You could try some Amano shrimp, depending on what the other tank mates are. As for the moss, is there a particular reason you want something to eat it? If you just don't want it in the tank, you could try manually remove it.


----------



## egementt (Jun 27, 2006)

Actually I'm working on a small sized self sustaining totally closed system. I was thinking of using java moss as the producer of the system. Seems like it'll be hard to find a fish that eats it. Hair algae can work too so I'm open to suggestions.


----------



## bigtroutz (Nov 17, 2006)

"small" is not very precise - but platys will eat filamentous algae pretty well - especially if you don't feed them too often. 

The only problem is that they breed so fast that they will overpopulate the tank in a short time if there is enough cover for the fry.


----------



## JanS (Apr 14, 2004)

If it's a closed, self sustaining system, I don't recommend any fish.

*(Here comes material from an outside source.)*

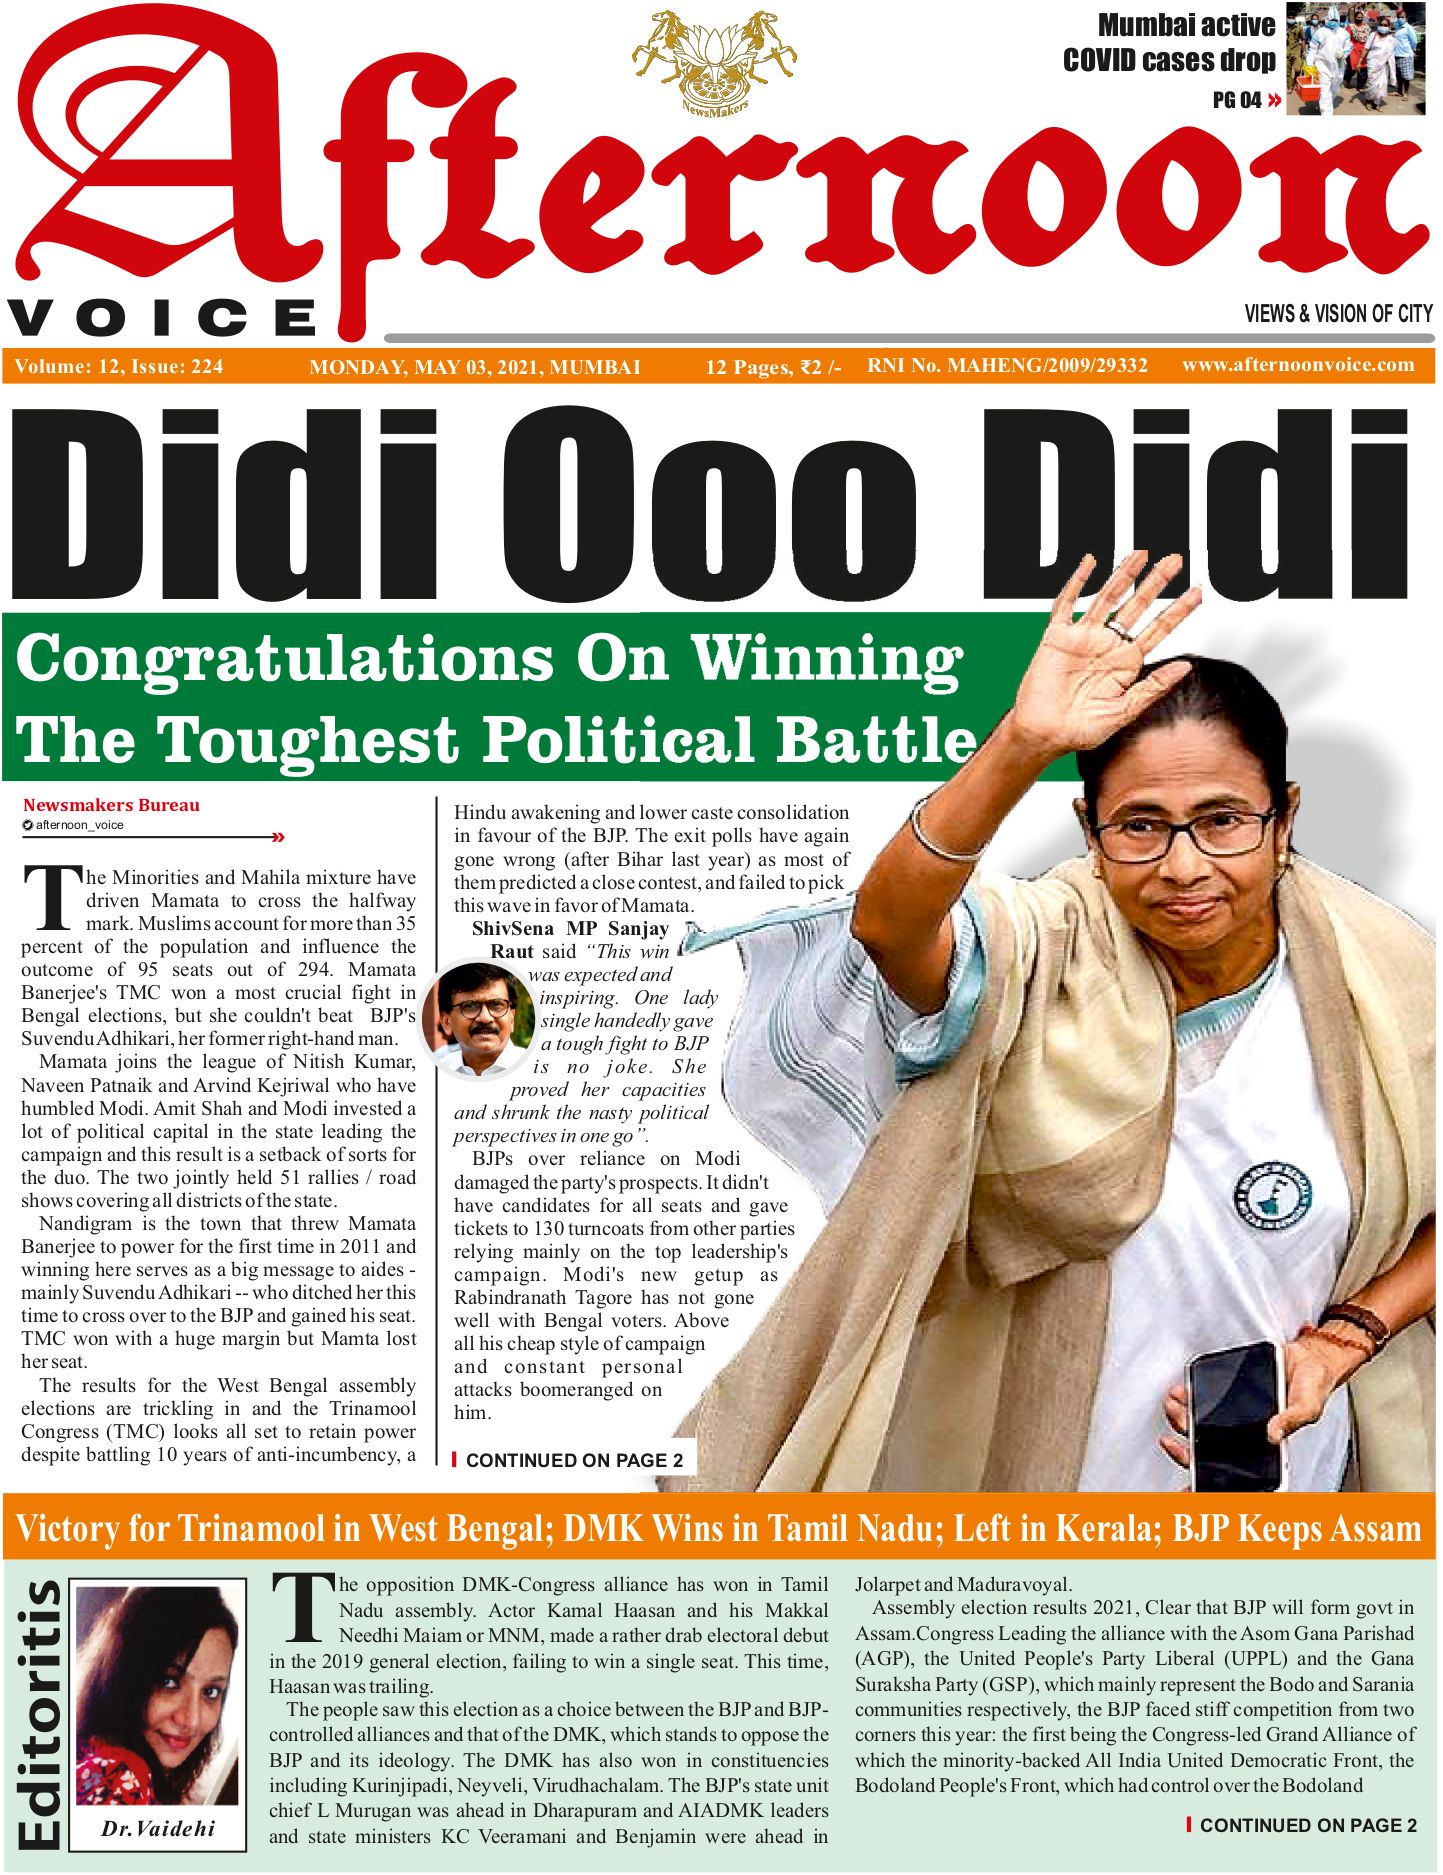 03 May 21 Page 1 Online English News Paper Daily News Epaper Today Newspaper

It can work, but it's far from the right environment for anything.
Maybe a snail or two, but in reality, the closed systems aren't a good system for living things in general.


----------



## blackBRUSHalgae (May 4, 2007)

Rosy barb will slurp your green filamentous algae like spaghetti.


----------



## Darter02 (Feb 19, 2007)

My Pencilfish pick at the Java Moss all the time. Of course, I don't think they make a big dent in it... I think I'd need 100s to do that...


----------